C’était trop à la fois, et le coup qui m’atteignait en pleine poitrine était porté trop soudainement !… Un flot de sang me monta aux yeux et je dus me cramponner désespérément à un arbre, pour ne pas tomber.

Puis la réaction se fit, immense, terrible ; une froide rage serra mes tempes, et ce fut avec un calme effrayant que je me dis :

« Avant de les frapper, je dois les entendre. Je ne suis plus un amant ; je suis un juge ! Écoutons. »

Et, concentrant toutes les facultés de mon âme dans un seul sens : l’ouïe ; j’entendis mot à mot le dialogue suivant :

« En vérité, ma chère Louise, disait Lapierre, vous êtes trop pusillanime ce soir. Les ombres de la nuit vous feraient-elles peur et n’auriez-vous de courage qu’à la clarté du soleil ?

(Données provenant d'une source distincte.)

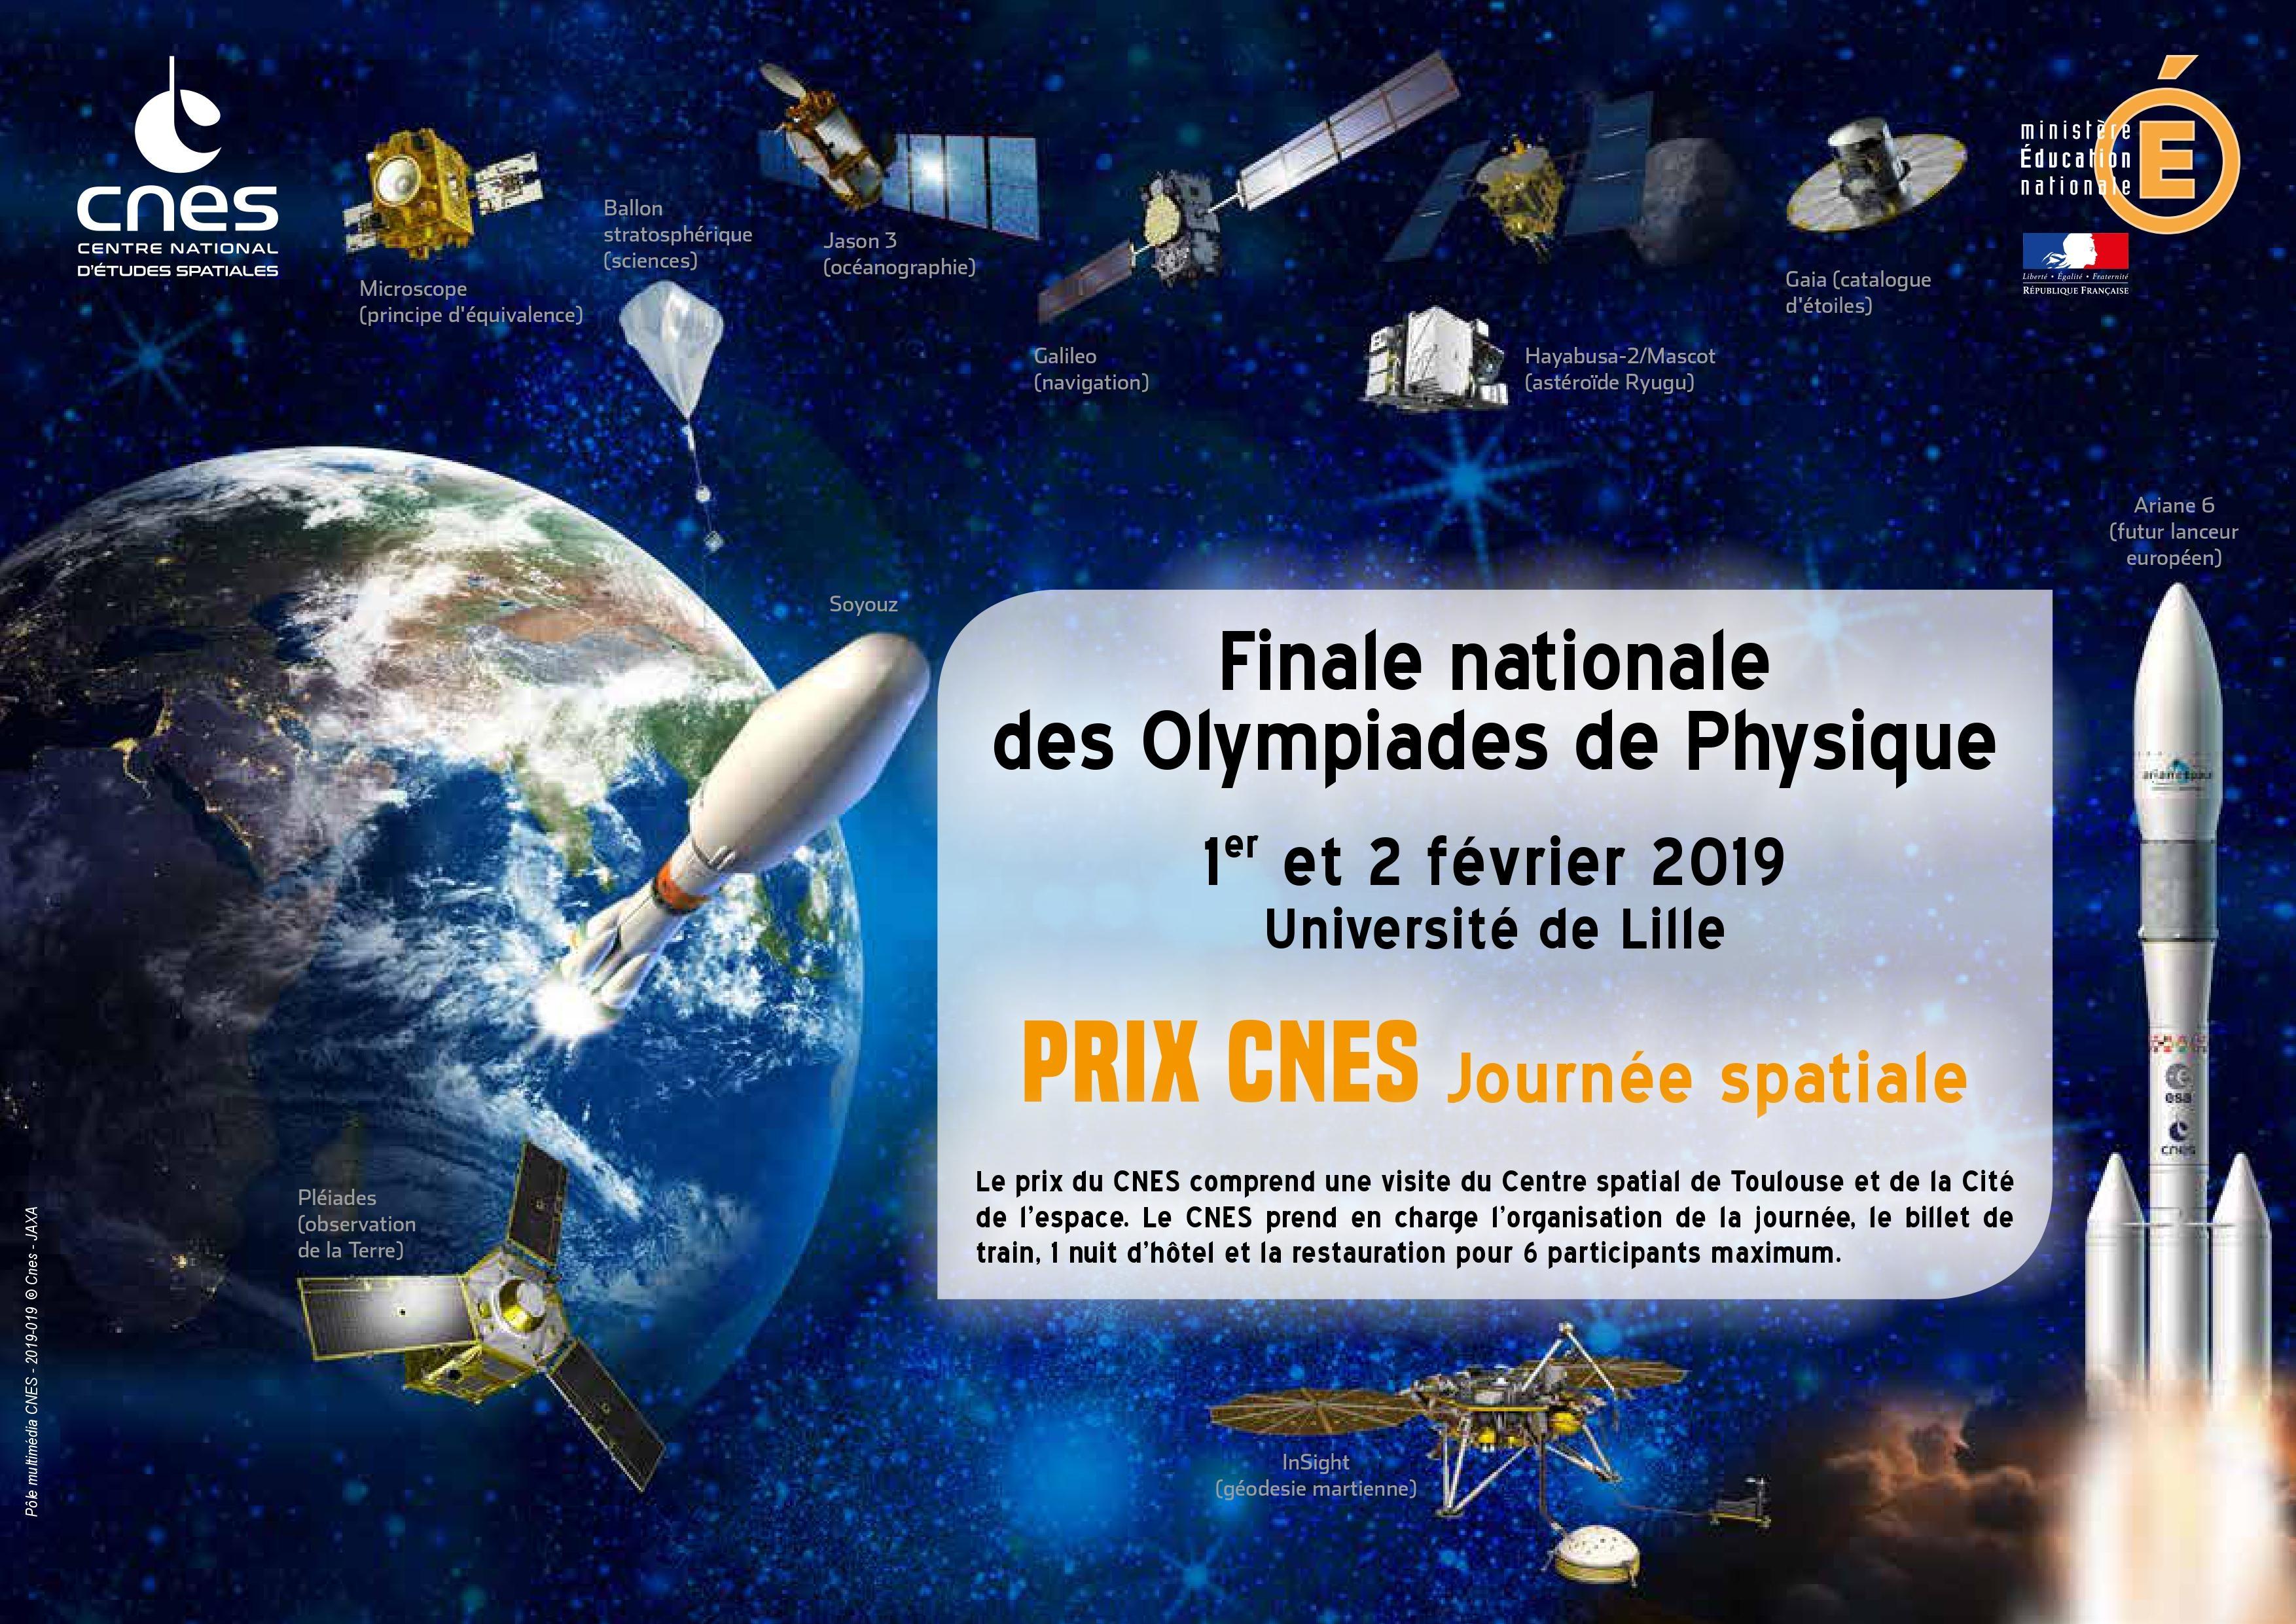 prix_cnes_olympiades_de_physique_2019.jpg

— Ne raillez pas, Joseph : j’ai peur, en effet, répondait la jeune fille.

— Peur de quoi ?

— Le sais-je ?… De tout : du vent qui agite le feuillage, du coassement des grenouilles au bord de la rivière, du cri des hibous, là-bas, dans ces gorges sombres…

— Allons donc !

— Il me semble que tous ces bruits et toutes ces voix de la nuit ne s’élèvent que pour me reprocher mon infidélité.